GOAL OF THE EXERCISE: Would you return the data below exactly as it stands, with every picture left out?

EXERCISE DATA:
• • • • • • •
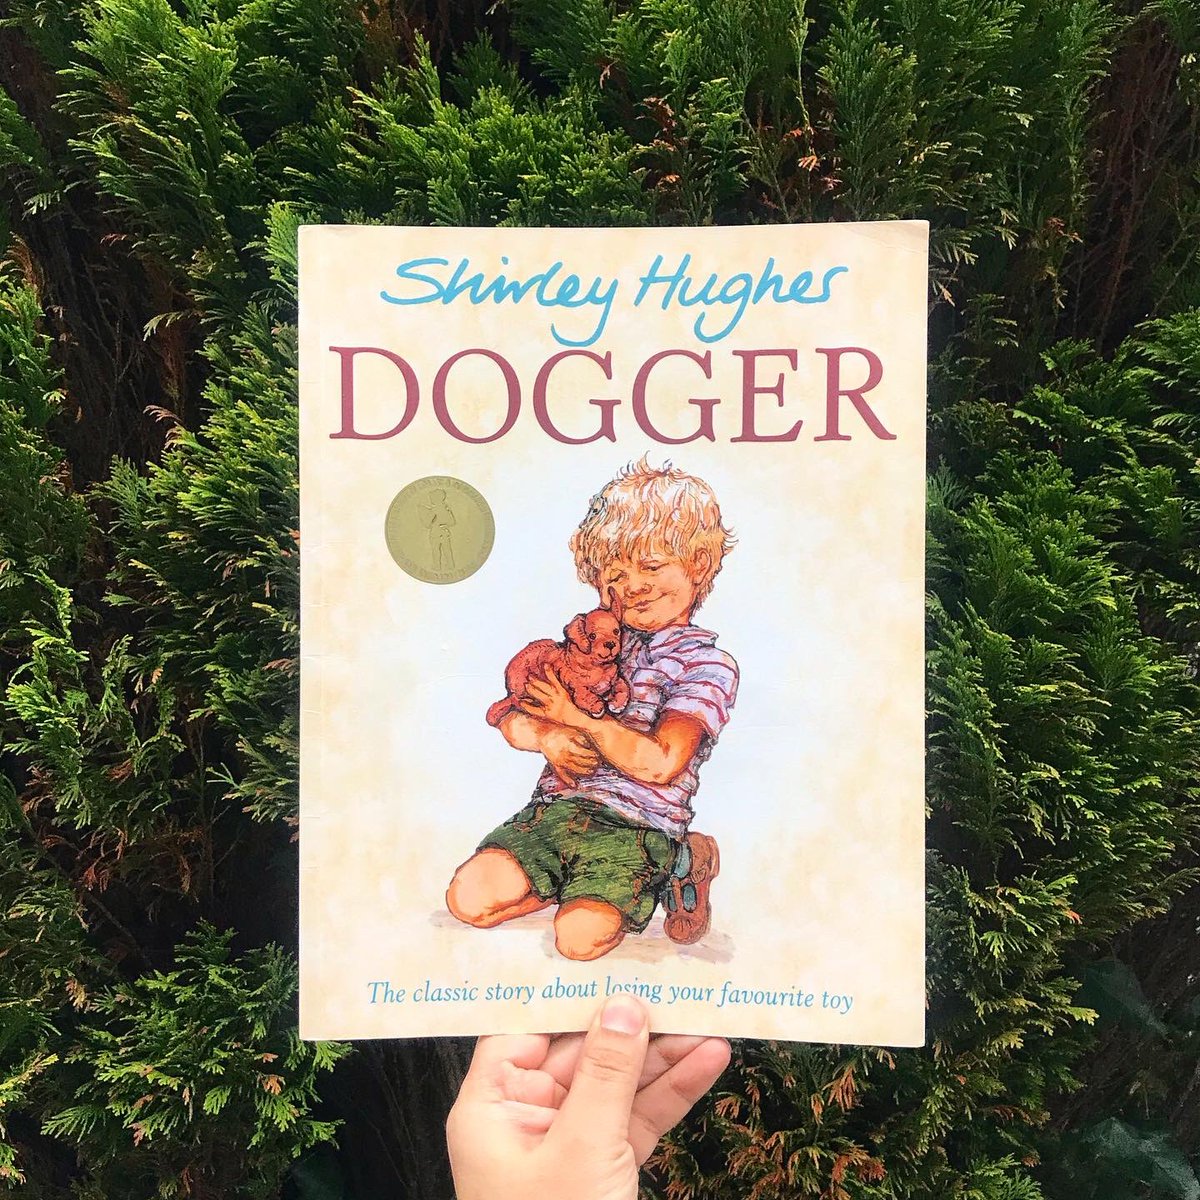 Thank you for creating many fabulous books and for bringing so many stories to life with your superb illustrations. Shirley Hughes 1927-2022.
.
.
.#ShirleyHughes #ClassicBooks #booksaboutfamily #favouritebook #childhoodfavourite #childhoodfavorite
• • • • • • •
TASK OUTPUT:
 Thank you for creating many fabulous books and for bringing so many stories to life with your superb illustrations. Shirley Hughes 1927-2022.
.
.
.#ShirleyHughes #ClassicBooks #booksaboutfamily #favouritebook #childhoodfavourite #childhoodfavorite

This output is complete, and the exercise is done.